# Most Recently Composed 'Masterpiece' Opera



## bz3 (Oct 15, 2015)

In your opinion, what opera is it? I don't just mean an opera you consider good, but a true masterpiece. I don't know very many 20th century operas so I'm interested in the responses here. 

Bluebeard's Castle is my vote, for what it's worth, but I've probably only listened to 3 or 4 20th century or later operas.


----------



## Becca (Feb 5, 2015)

_Bluebeard's Castle_ dates from 1911 so it would be trivial to find many that are more recent than that ... A few by Puccini such as _Turandot_ (1924), _Gershwin's Porgy and Bess_ (1935), and then there is Leos Janacek and Benjamin Britten, etc. Certainly Britten's _Peter Grimes_ (1945) is a masterpiece. While I don't have an opinion on them, how about John Adam's various operas? And then there is George Benjamin's _Written On Skin_.


----------



## joen_cph (Jan 17, 2010)

Saariaho´s _L´Amour de Loin_ (2000) is worth knowing and not really that much more 'difficult" musically than Bartok´s.


----------



## Art Rock (Nov 28, 2009)

Even though I'm not an opera connoisseur, I would say that Death in Venice (1973) by Britten definitely is a masterpiece.


----------



## Meyerbeer Smith (Mar 25, 2016)

1983: Akhnaten, by Philip Glass. Hauntingly beautiful, and "Attack and Fall" is EXCITING!


----------



## Sloe (May 9, 2014)

Thomas Ades The Exterminating Angel.


----------



## schigolch (Jun 26, 2011)

"Written on Skin" (2012), by George Benjamin. You can watch the opera in youtube:


----------



## Pugg (Aug 8, 2014)

*Previn:* A Streetcar named Desire (World Premiere Performance San Francisco Opera 1998)

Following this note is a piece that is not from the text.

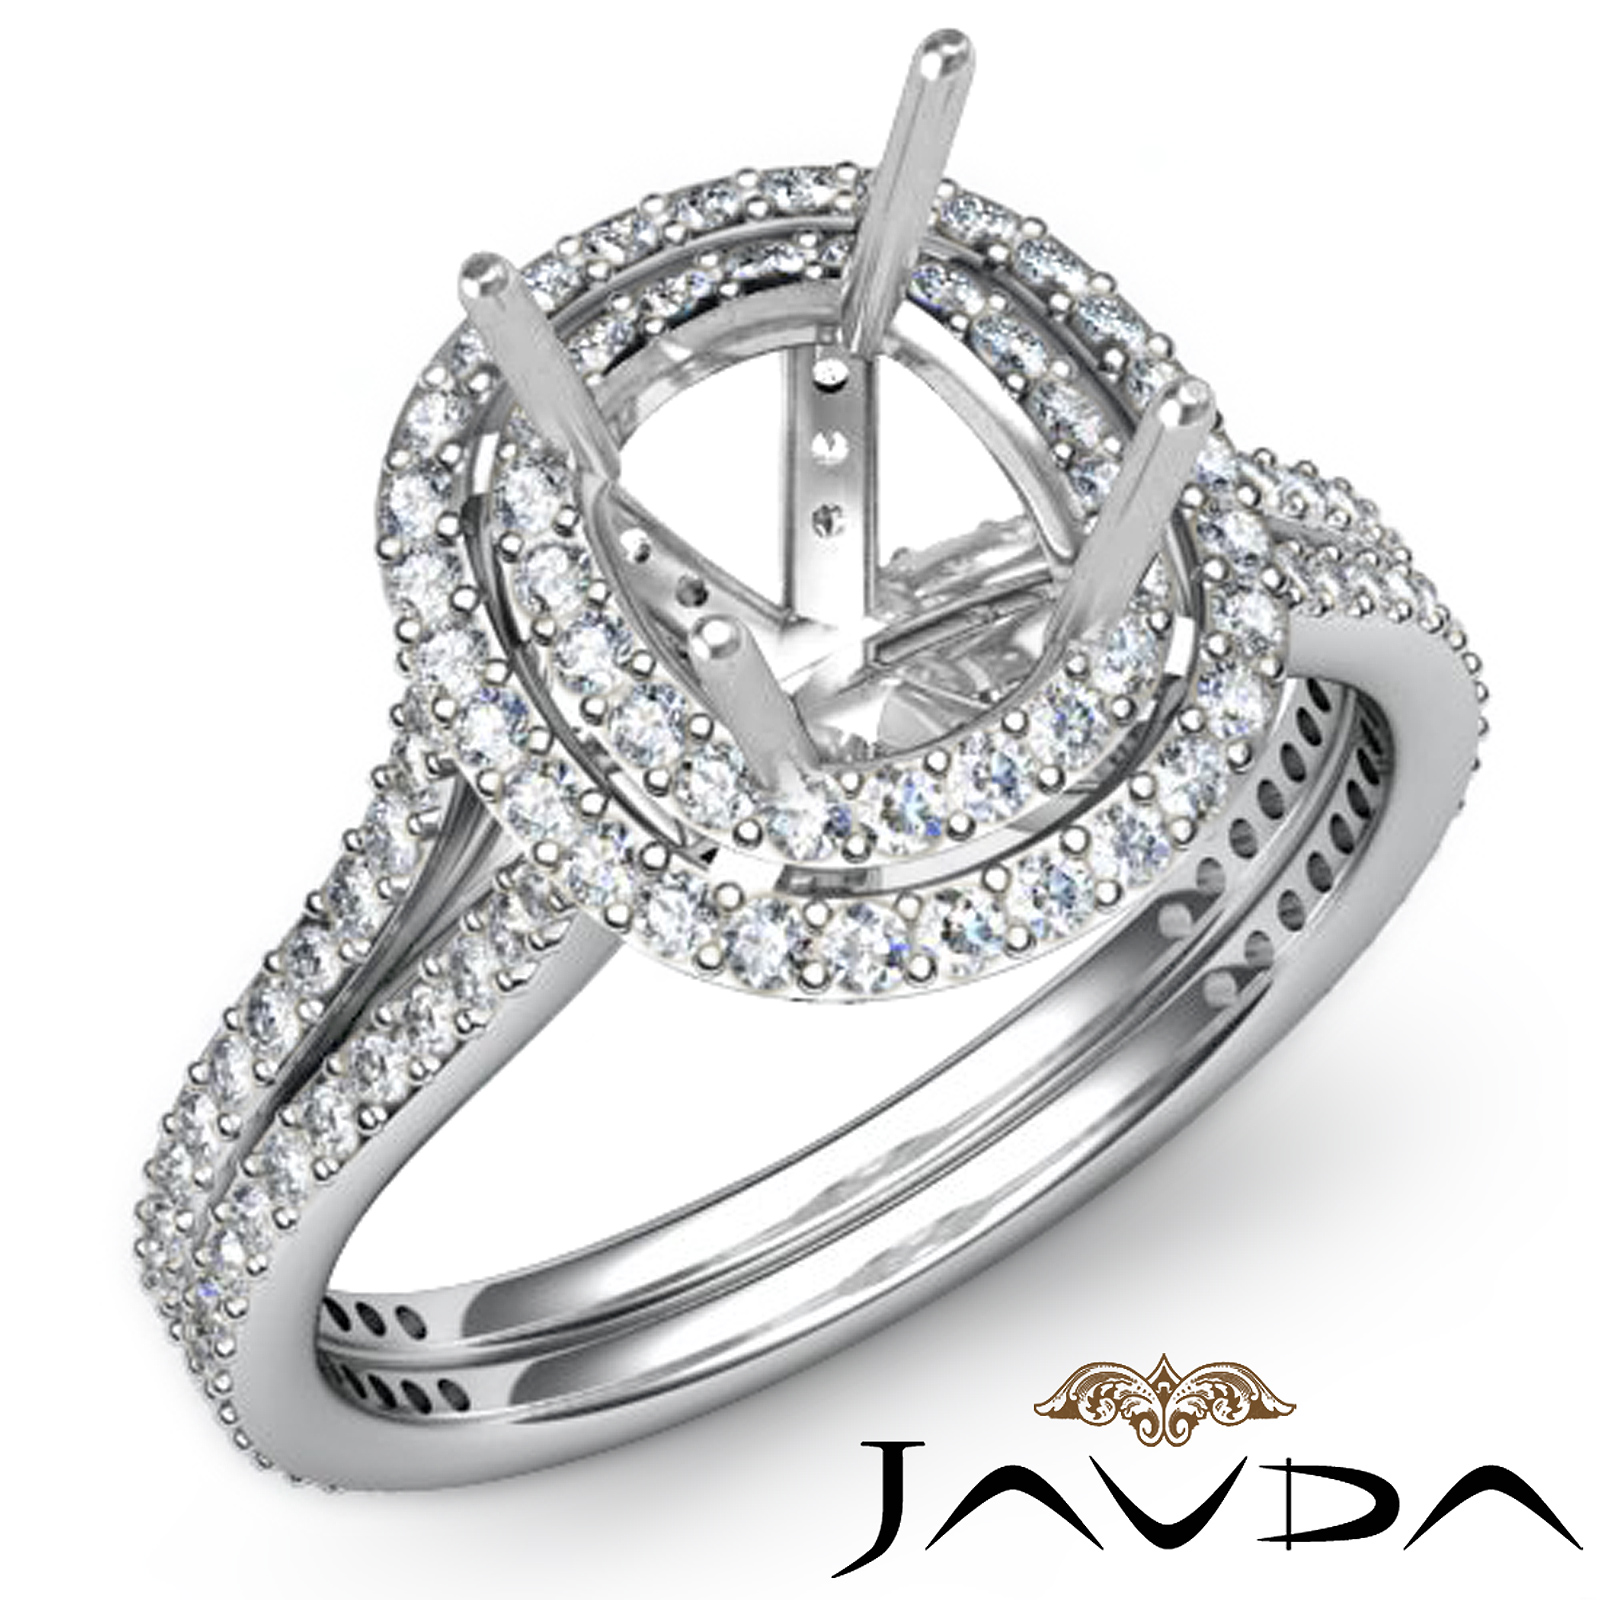 1 55ct Diamond Engagement Ring 14k White Gold Halo Setting

https://en.wikipedia.org/wiki/Susannah
By Flloyd for starters.


----------



## bz3 (Oct 15, 2015)

Thanks for the replies. I think I'll start with Britten since he seems to be one of the heavyweights I've not to. Any suggestions on the Adams operas? I listened to a couple of Janacek operas a while ago, I didn't feel much connection either way (especially compared to his other works) but then I've never been a big opera listener.


----------



## Pugg (Aug 8, 2014)

bz3 said:


> Thanks for the replies. I think I'll start with Britten since he seems to be one of the heavyweights I've not to. Any suggestions on the Adams operas? I listened to a couple of Janacek operas a while ago, I didn't feel much connection either way (especially compared to his other works) but then I've never been a big opera listener.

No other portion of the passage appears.